It the book started with simple sutra-s, and if, from time to time, new experiences and knowledge made additional passages necessary, the contradictions, the confusions and the incongruities may, to a large extent, be reconciled.
As a matter of fact, the very epithet of 'Veda', assumed for an advantage, to confer upon the work prestige of sole authority, turned put to be a handicap. The lengths to which some commentators went to justify the epithet unintelligible verbiage ('somehow'), often appears ludicrous. Plays were written to conform to the 'rules' of Bharata, and naturally they failed to reflect contemporary social and historical developments. Outstanding playwrights like Kailidasa and Bhavabhuti managed to introduce contemporary significance, but their attempts did not establish a new trend. Although the spoken language changed in the course of time, playwrights continued the use of Bharata's Sanskrit and Prakrt. Bharata himself had said that 'dress and speech should conform to the regional usage of the spectators; the actors and producers should observe the local modes of speech and manners and conform to them and not necessarily to what I have described'. But such sage advice from Bharata himself went unheeded. Blind faith, in the words like 'Veda', and in the authority of rsi-s, resulted in our stage getting stuck in a rut, like our society as a whole.
The question naturally arises whether the study of such a treatise can serve any purpose in our age. Certainly, I may say, it does serve a purpose. Firstly, this Natyasastra remains the origin of our dramatic tradition. That traditional stage had been an attraction for our people for over thousand of years. Drama represents the ways of the world, the picture of our people's speech and manners; it is the Veda accessible to all the castes in society. However, unlike the four Veda-s, it is not confined to the realm of wisdom alone; it provides entertainments too. A dramatist, a popular theme, actors-actresses-director-producer, and the audience these are the four essential ingredients of the theatre. There should be no weakness in any of these. The playwright should have the capacity to grasp the speech and manners of the people and represent them in an interesting way. The story should hold the attention of the audience. Physical fitness, control over voice, clarity of speech and pronunciation are the indispensable requirements for an actor. And lastly, the audience should be one accustomed to understanding, appreciation and enjoyment of the performance. These have been described as the essential elements of stage creft, thousands of years ago, by the Natyasastra. It needs to be emphasised in the present day context, that the auditorium should be such as to enable all the spectators to see and hear the actor directly. When we build vast auditoria and depend on loud speakers to convey words from the stage, we only exhibit our ignorance of the essential theatre.

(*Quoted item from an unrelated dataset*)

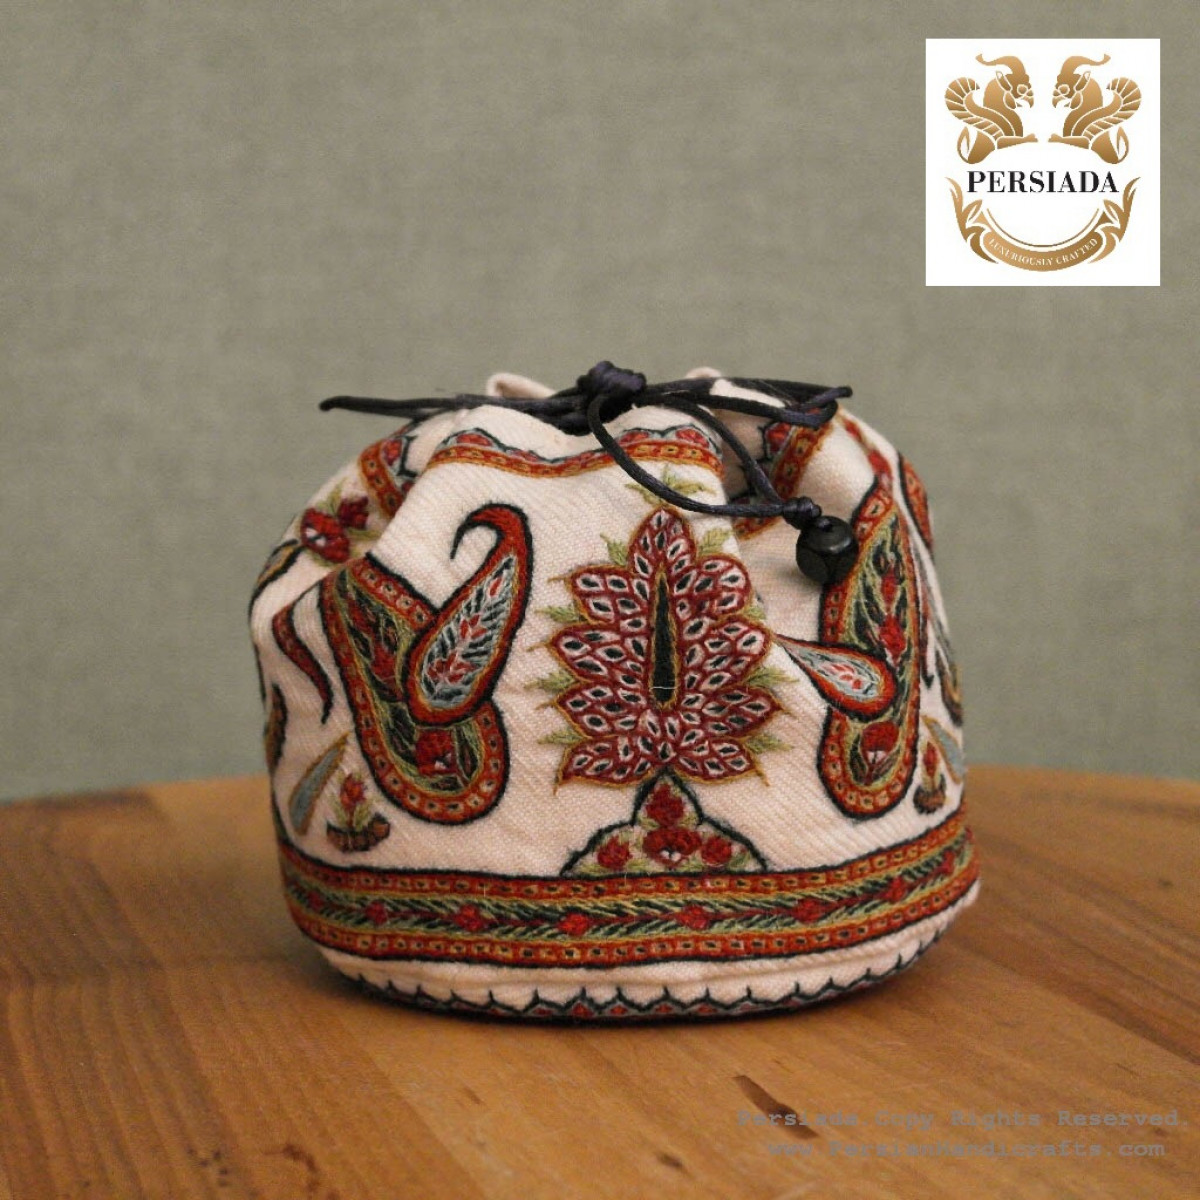 Travel Cosmetics Bag | Pateh Needlework | PHP1015-Persiada Persian Handicrafts

A study of this treatise is essential for our scholars, no less than for our amateurs. We must give due credit to the European scholars who discovered, edition and translated this treatise. They were the first to appreciate its value. Since they had no intimate knowledge of our tradition, they were sometimes led astray in their critical opinions. They believed, for instance, without sufficient grounds, that our theatre tradition was derived from the Greeks, and therefore they assigned the Natyasastra to the fifth or the sixth century AD. Our scholars, on the other hand, thought that an earlier date conferred greater prestige and assigned to it the centuries before Christ, from the second to the fifth. But in this haggling for dates, none of them seems to have taken note of the elementary fact that crimes came before the Penal Code, language came before grammar and drama came into existence before the Natyasastra.
It has now become necessary to promote a critical study of this treatise, to screen the divergent readings and arrive at a consistent and authoritative text. It is also necessary to understand the various symbols in it. For example, when it says the Brahma was the author of the Natyasastra, it means that the theatre and men's interest in it have always been there. When it says that the production of the first play took place in the Court of Indra and that Indra occupied a prominent place in the auditorium, it means that play were performed in summer before the commencement of the rains. When it says that the sons of Bharata ridiculed the sages and were therefore cursed to be born as Sudra-s, it means that drama was the profession of castes considered as occupying a lower place in society. From sentences like 'May the king rule forever'- common in the closing prayers of Sanskrit plays one can clearly infer that at the time of Bharata's Natyasastra, the theatre enjoyed royal patronage. The rituals prescribed for the worship of the stage and its presiding deity, and the use of the epithet acarya' for the drama teacher, show the importance of the Brahmin's role in the theatre. The association of other caste in the production is shown by the functions assigned to the smith, the chapter, the painter, etc., in fitting up the stage. No wonder Bharata describes drama and the Natyasastra, as sarva varnika the concern of all caste. His statement, that the general way of life had been overwhelmed by vulgarity and in order to cleanse it, Indra requested Brahma to create the Natyasastra society. These ate the lines on which this treatise has to be studied. Mere declaration of the holiness of the Natyasastra as a handiwork of Bharatamuni, and a result to apply common standards of textual criticism, cannot lead to any kind of a critical study. The fixing of an agreed authoritative text in the first place would be a great convenience for future studies.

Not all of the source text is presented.